Stock-Based Compensation

The Company measures and records the expense related to stock-based transactions based on the fair values of stock-based payment awards, as determined on the date of grant. To estimate the fair value of stock options, the Company selected the Black-Scholes option pricing model. In applying the Black-Scholes option pricing model, the Company’s determination of the fair value of the stock option is affected by assumptions regarding a number of highly complex and subjective variables. These variables include, but are not limited to, the Company’s expected stock price volatility over the term of the stock options and the employees’ actual and projected stock option exercise and pre-vesting employment termination behaviors. The fair value of restricted stock units is determined based on the closing price of the Company’s common stock on the date of grant.

For awards with graded vesting the Company recognizes stock-based compensation expense over the requisite service period using the straight-line method, based on awards ultimately expected to vest.
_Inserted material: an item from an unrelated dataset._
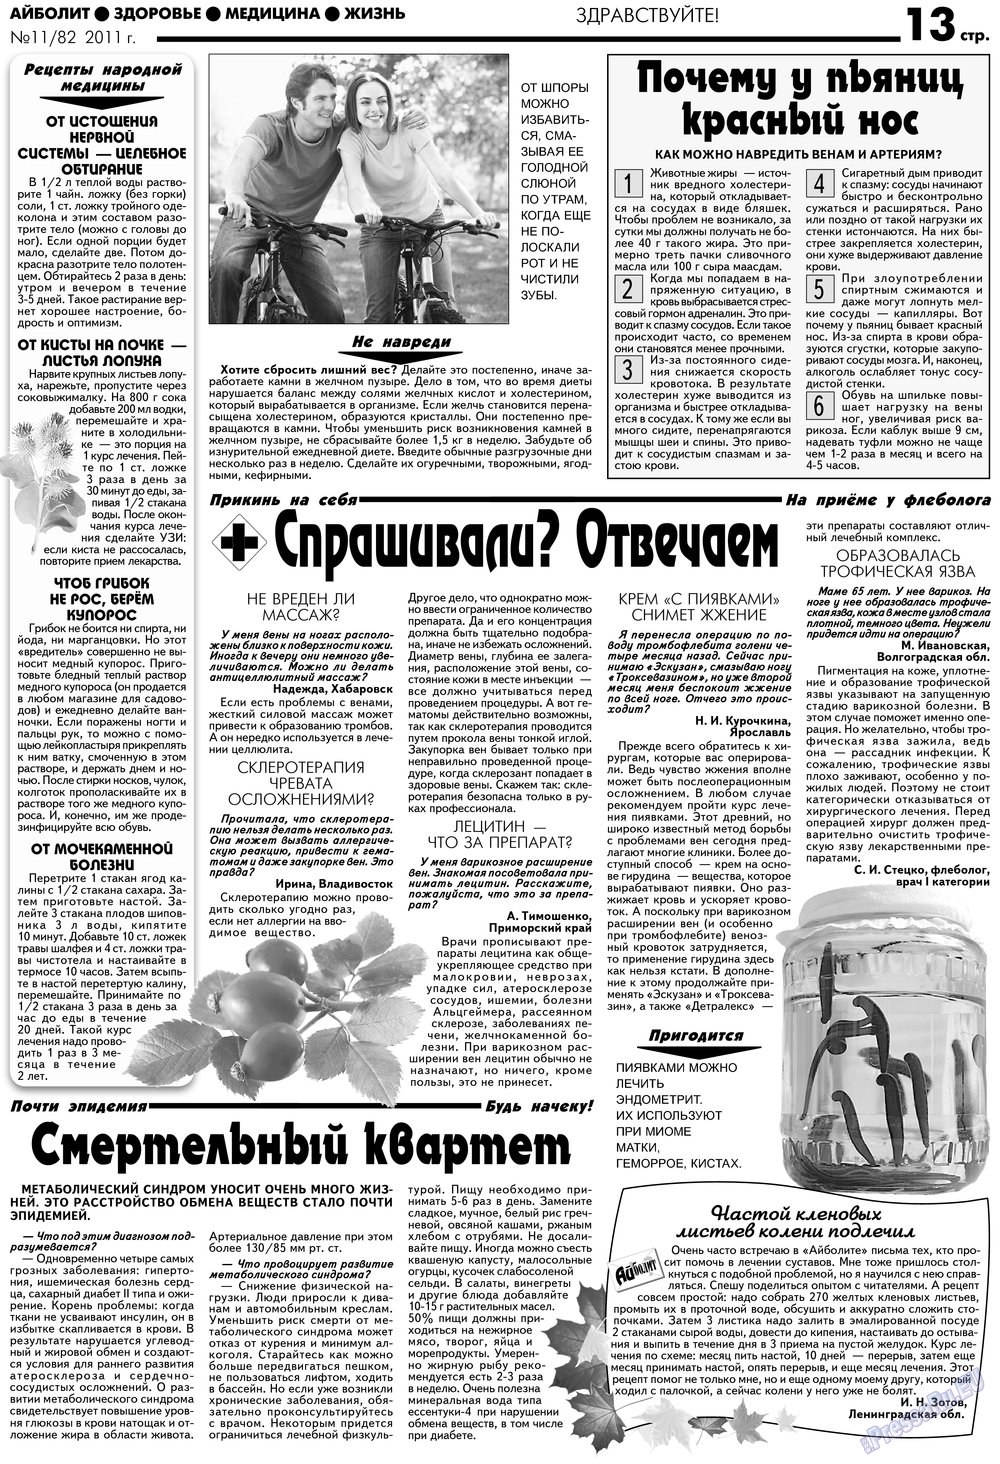 АйБолит, газета. 2012 №11 стр.13

The Company estimates future forfeitures at the date of grant and revises the estimates, if necessary, in subsequent periods if actual forfeitures differ from those estimates.

See Note 11 for further information.

401(k) Savings Plan

The Company sponsors a 401(k) defined contribution plan covering all U.S. employees. Contributions made by the Company are determined annually by the Board of Directors. There were no employer contributions under this plan for fiscal years 2011, 2010 and 2009.

 

Recent Accounting Pronouncements

In September 2011, the FASB issued an update to the accounting standard for goodwill and intangibles. The revised standard is intended to simplify the goodwill impairment test by providing an option to first perform a qualitative assessment to determine whether further impairment testing is necessary. The revised standard is effective for annual and interim goodwill impairment tests performed for fiscal years beginning after December 15, 2011, with early adoption permitted. The Company does not anticipate that its adoption of the revised standard on July 1, 2012 will have a material effect on its consolidated financial statements.

In June 2011, the FASB issued guidance on the presentation of comprehensive income. The new guidance eliminates the current option to report other comprehensive income and its components in the statement of changes in stockholders’ equity. Instead, an entity will be required to present either a continuous statement of net income and other comprehensive income or in two separate but consecutive statements. This portion of the guidance became effective for the Company beginning July 1, 2012 and will require financial statement presentation changes only. The new guidance also required entities to present reclassification adjustments out of accumulated other comprehensive income by component in both the statement in which net income is presented and the statement in which other comprehensive income is presented. However, in December 2011, the FASB issued guidance which indefinitely defers the guidance related to the presentation of reclassification adjustments.

In May 2011, the FASB issued guidance to achieve common fair value measurement and disclosure requirements between U.S. GAAP and International Financial Reporting Standards. The new guidance amends current fair value measurement and disclosure guidance to include increased transparency around valuation inputs and investment categorization. The new guidance is effective for fiscal years and interim periods beginning after December 15, 2011. The Company’s adoption of the new guidance in the third quarter of fiscal year 2012 did not have a material impact on its financial position, results of operations or cash flows.